Люк и хотел, чтобы все считали его напористым и добродушным. Он благоговейно прочитывал все инструкции, которые издательство «Кэртис» рассылало своим агентам-распространителям. Он примеривал к себе различные описания приемов, которыми полагалось способствовать расширению сбыта, – наилучший «подход», наиболее соблазнительный способ извлечения журнала из сумки, воодушевленное изложение его содержания, которое он должен был знать назубок, основательно проштудировав номер. «Хороший распространитель, – говорилось в инструкции, – должен досконально знать товар, который он продает». Но Люк обходился без такого знания, возмещая его собственными красноречивыми выдумками.
Буквальное восприятие этих инструкций породило еще не виданную манеру продавать печатное слово. Подкрепляемый собственным безграничным нахальством и благочестивыми аксиомами вымогательства, гласившими, что «хороший распространитель не принимает отказа», что он должен «не отставать от потенциального покупателя», даже если его гонят, что он должен «понять психологию клиента», Люк пристраивался сбоку к какому-нибудь ничего не подозревающему прохожему, раскрывал перед его лицом широкие листы «Сатердей ивнинг пост», разражался бурной речью, обильно уснащенной заиканием, шуточками, лестью и такой стремительной, что прохожий не мог ни взять журнала, ни отказаться от него, и под ухмылки всех встречных гнал свою жертву по улице, затискивал в угол и брал поспешно протянутые пять центов выкупа.
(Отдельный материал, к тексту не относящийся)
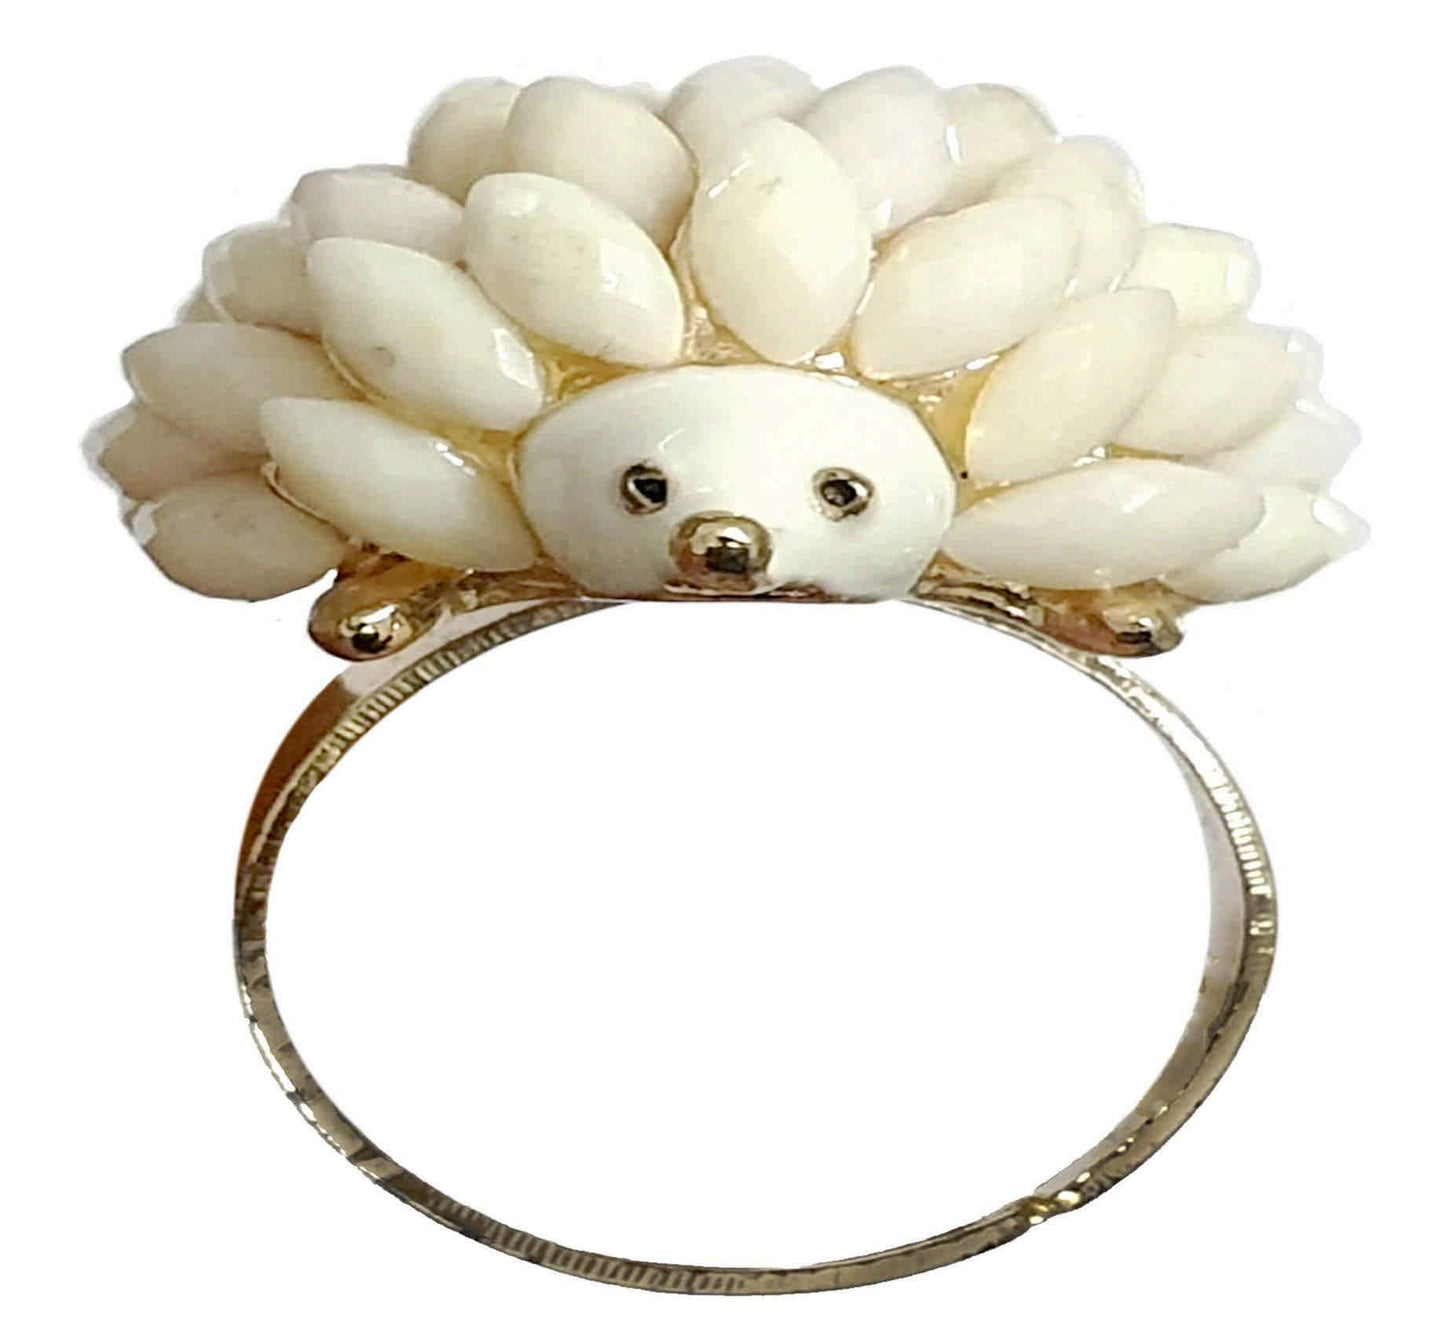 Indian Petals Rhinestone Pearls Studded Porcupine Design Imitation Artificial Metal Polished Animal Ring for Girls - #Indian Petals#

– Да, сэр, да, сэр! – начинал он звучным голосом, широко шагая, чтобы попасть в ногу «потенциальному покупателю». – Свежий номер «Сатердей ивнинг пост», пять центов, всего пять центов, п-п-покупается еженедельно д-д-вумя миллионами читателей. В этом н-н-номере вы получите восемьдесят шесть страниц ф-фактов и литературных произведений, не говоря уж о рекламных объявлениях. Если вы не умеете ч-ч-читать, то от одних иллюстраций получите удовольствия куда больше, чем на пять центов. На тринадцатой странице мы на этой неделе даем прекрасную статью А-а-айзека Маркосссона, з-з-знаменитого путешественника и политического писателя; на странице двадцать девятой вы найдете рассказ Ирвина Кобба, в-в-величайшего из живущих юмористов, и новый боксерский рассказ Д-д-джека Лондона. Если вы к-к-купите его в книге, он обойдется вам в полтора д-д-доллара.